Star Trek First Frontier – Review

One of the groups of fan fiction filmmakers has released their feature Star Trek film “First Frontier.” It took five years to produce and violates many of Viacom/CBS’s guidelines for a fan-fic-film:

1: It’s 70 minutes long (the limit is 30 minutes)
2: They built their own set
3: They use professional actors
4: They use non-CBS props and costumes

Some of the interviews I’ve read indicate that the writer/producers feel they were grandfathered in – but that designation is a bit in the gray space.

The Plot

The setting is 10 years before Kirk and friends launch on their 5-year mission. Commander Robert April is having family issues as he and his wife are trying to work out their marital problems. April is being offered command of a Constitution class starship, but he flatly refuses.

Meanwhile, a deadly alien force is killing people in the solar system – just because. And they are on their way to Earth with designs to kill everyone. It is up to April’s friend Captain Colins to take a not-quite-ready NCC-1701 Enterprise out to prevent the deadly force from succeeding. For some reason, April is on board the Enterprise to help Colins get the Enterprise ship-shape.
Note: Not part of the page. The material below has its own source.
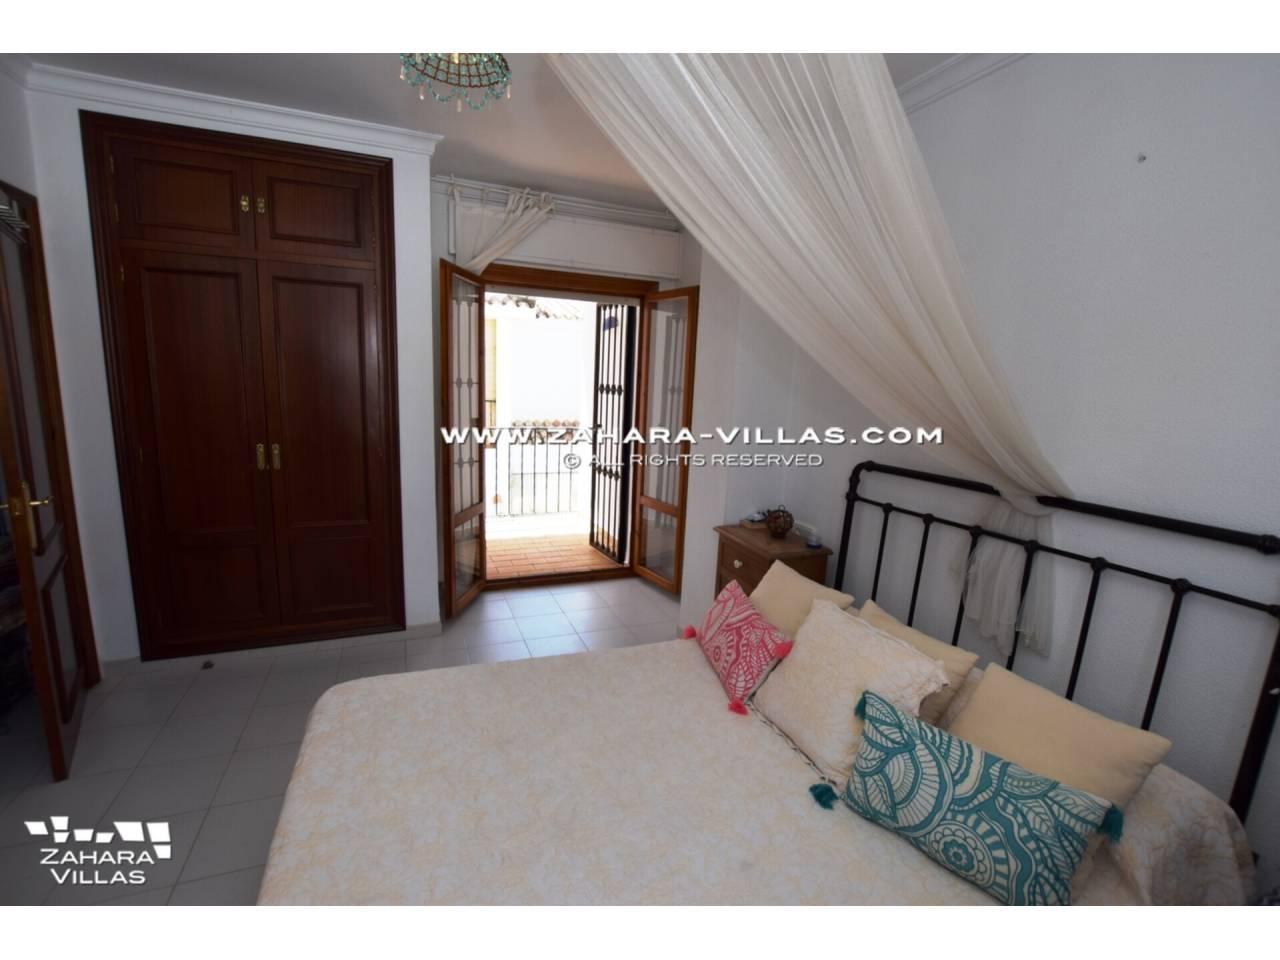 Imagen 31 de Casa en venta en segunda línea de playa, con vistas al mar en Zahara de los Atunes

Long story short – Colins is incapacitated and it’s up to April to take the Enterprise and it’s not-quite-ready crew into the unknown to save the Earth.

The Good

ST:FF is more like Star Trek: The Original Series than anything we’ve seen since Star Trek: The Next Generation. In addition to capturing the technology of the 22nd century, the look of the original pilot(s) [The Cage/The Menagerie and Where No Man Has Gone Before], the pholosophy, and the general atmosphere of the original, the special effects are modern and yet still true to the orginal.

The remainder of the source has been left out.